The given data can be listed below as,

• The weight of the bowling ball is, $m=71.2\text{\hspace{0.17em}N}$.
• The radius of the rope is, $R=3.80\text{\hspace{0.17em}m}$.
• The speed of the bowling ball is, $v=4.20\text{\hspace{0.17em}m/s}$.

It is the pulling force transmitted axially or transmitted through any wire, cable, string rope, etc. when it is pulling at the end is known as Tension force

(a)

The expression for the acceleration when the particle moves in a circular path can be expressed as,

 $a_{rad}=\frac{v^2}{R}$

Here $R$ is the radius of the object in a circular path $v$, is the speed of the object.

Substitute $4.20\text{\hspace{0.17em}m/s}$ for $v$ , and  $3.80\text{\hspace{0.17em}m}$ for $R$ in the above equation.

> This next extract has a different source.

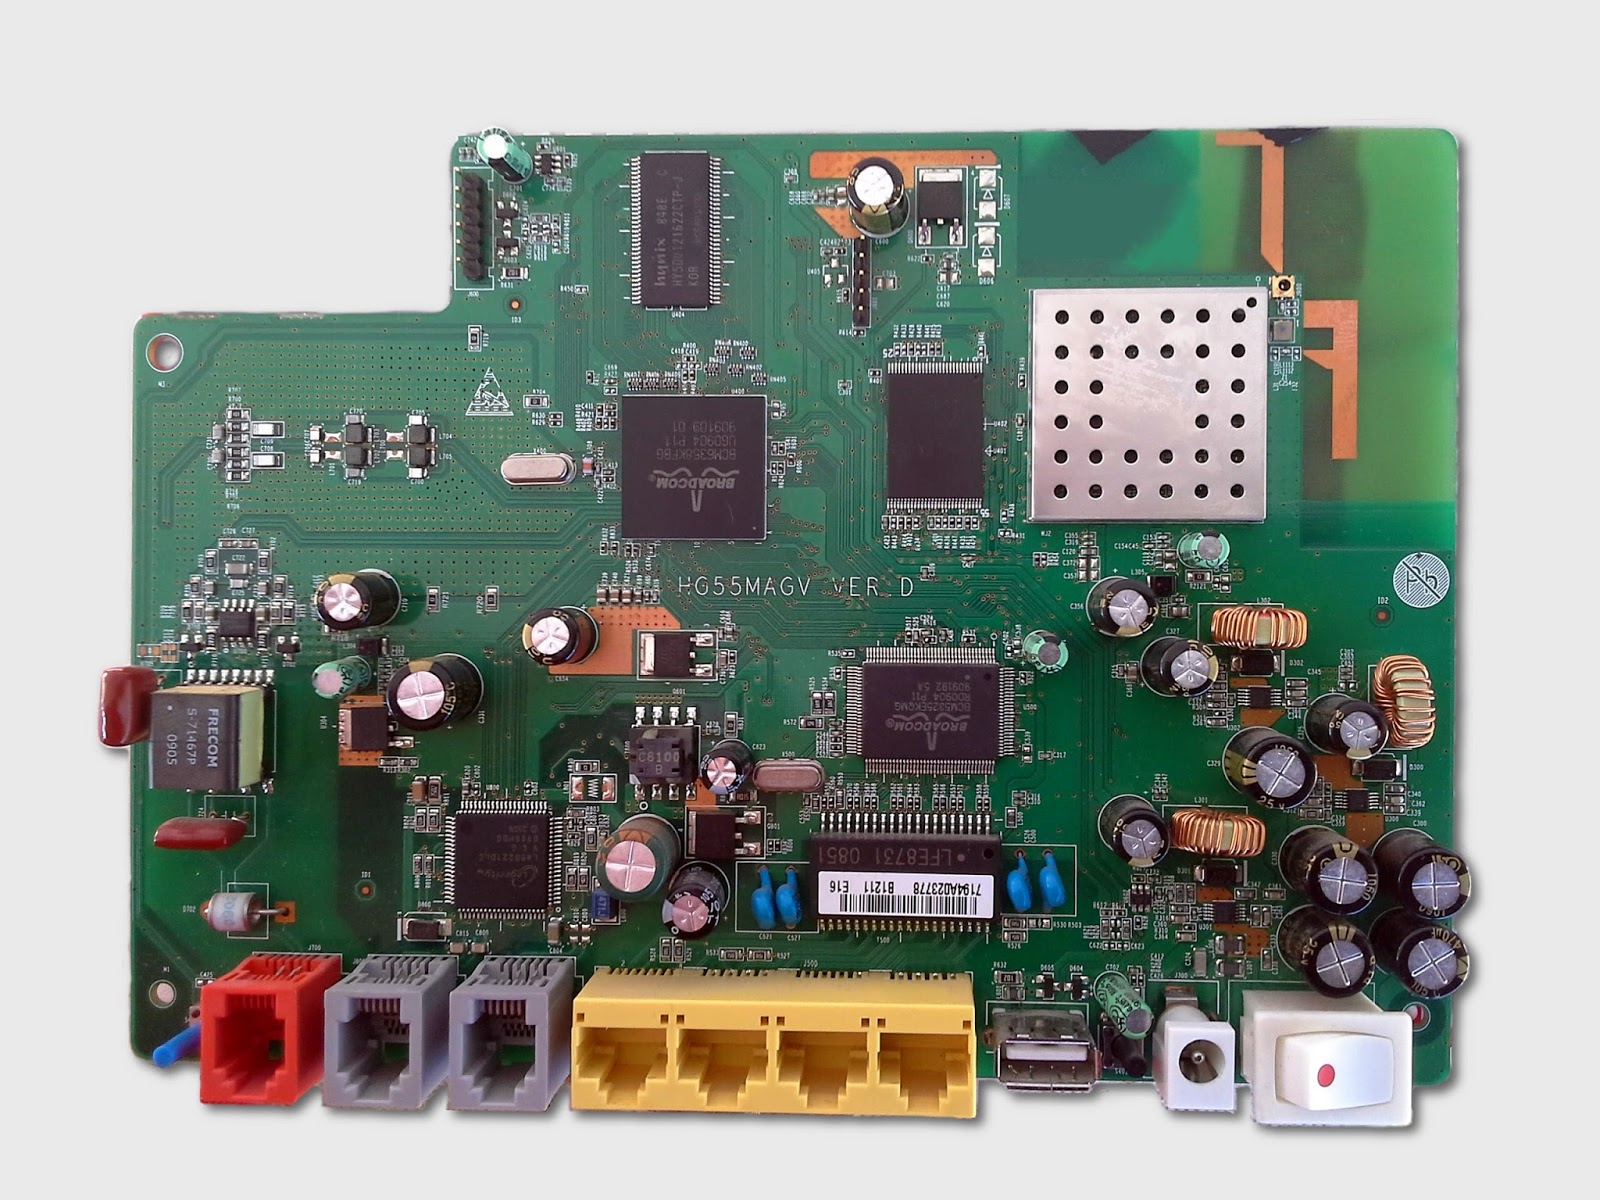 Debrick Huawei HG553 (BCM6358 based router) · One Transistor

$\begin{array}{c}{a}_{rad}=\frac{{\left(4.20\text{\hspace{0.17em}m/s}\right)}^2}{3.8\text{\hspace{0.17em}m}}\\ =4.642{\text{\hspace{0.17em}m/s}}^{\text{2}}\end{array}$

Hence, the required acceleration is,$4.642{\text{\hspace{0.17em}m/s}}^{\text{2}}$ in an upward direction.

(b)

The expression for Newton’s second law using tension can be expressed as,

$\begin{array}{c}\sum F=ma\\ T-mg=ma\\ T=m(a+g)\\ T=\frac{W}{g}(a+g)\end{array}$

Here is the acceleration,$g$ is the acceleration due to gravity, and $W$ is the weight of the ball.

Substitute $4.642{\text{\hspace{0.17em}m/s}}^{\text{2}}$ for $a$, $9.8{\text{\hspace{0.17em}m/s}}^{\text{2}}$ for $g$, and $71.2\text{\hspace{0.17em}N}$ for $W$ in the above equation.

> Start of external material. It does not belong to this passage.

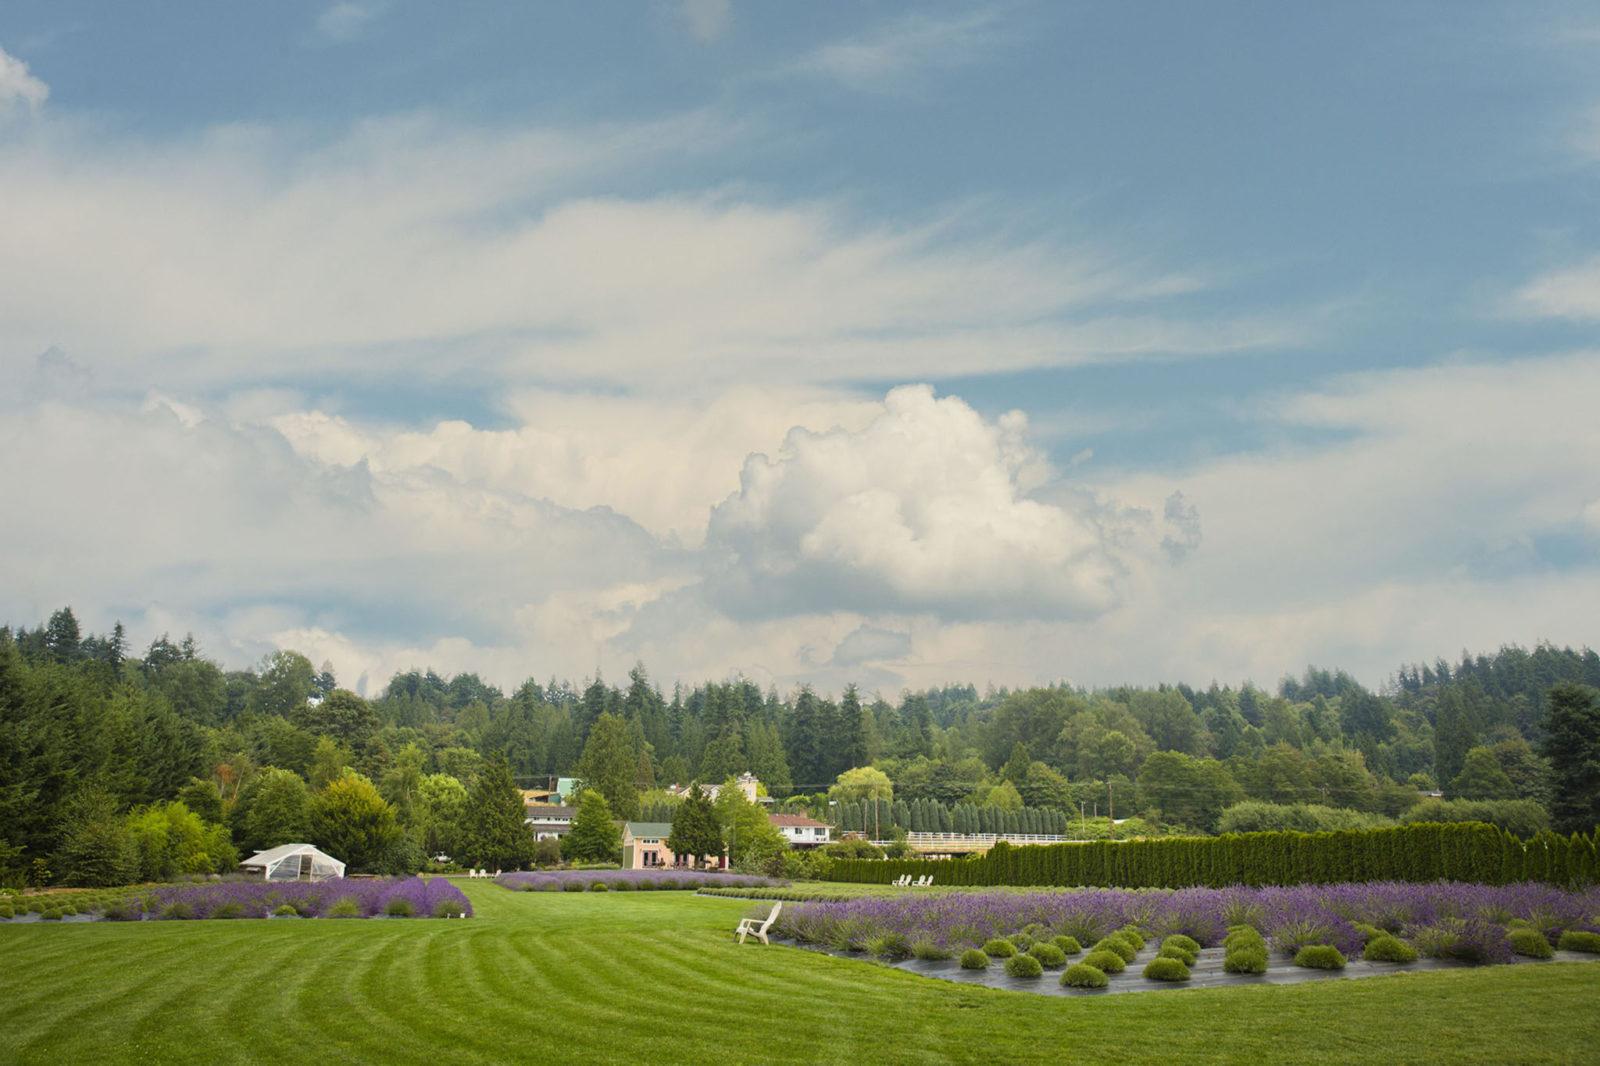 Woodinville Lavender Venue

 $\begin{array}{c}T=\frac{71.2\text{\hspace{0.17em}N}}{9.8{\text{\hspace{0.17em}m/s}}^{\text{2}}}\times (4.642{\text{\hspace{0.17em}m/s}}^{\text{2}}+9.8{\text{\hspace{0.17em}m/s}}^{\text{2}})\\ =104.926\text{\hspace{0.17em}N}\end{array}$

Hence, the required tension is, $104.926\text{\hspace{0.17em}N}$.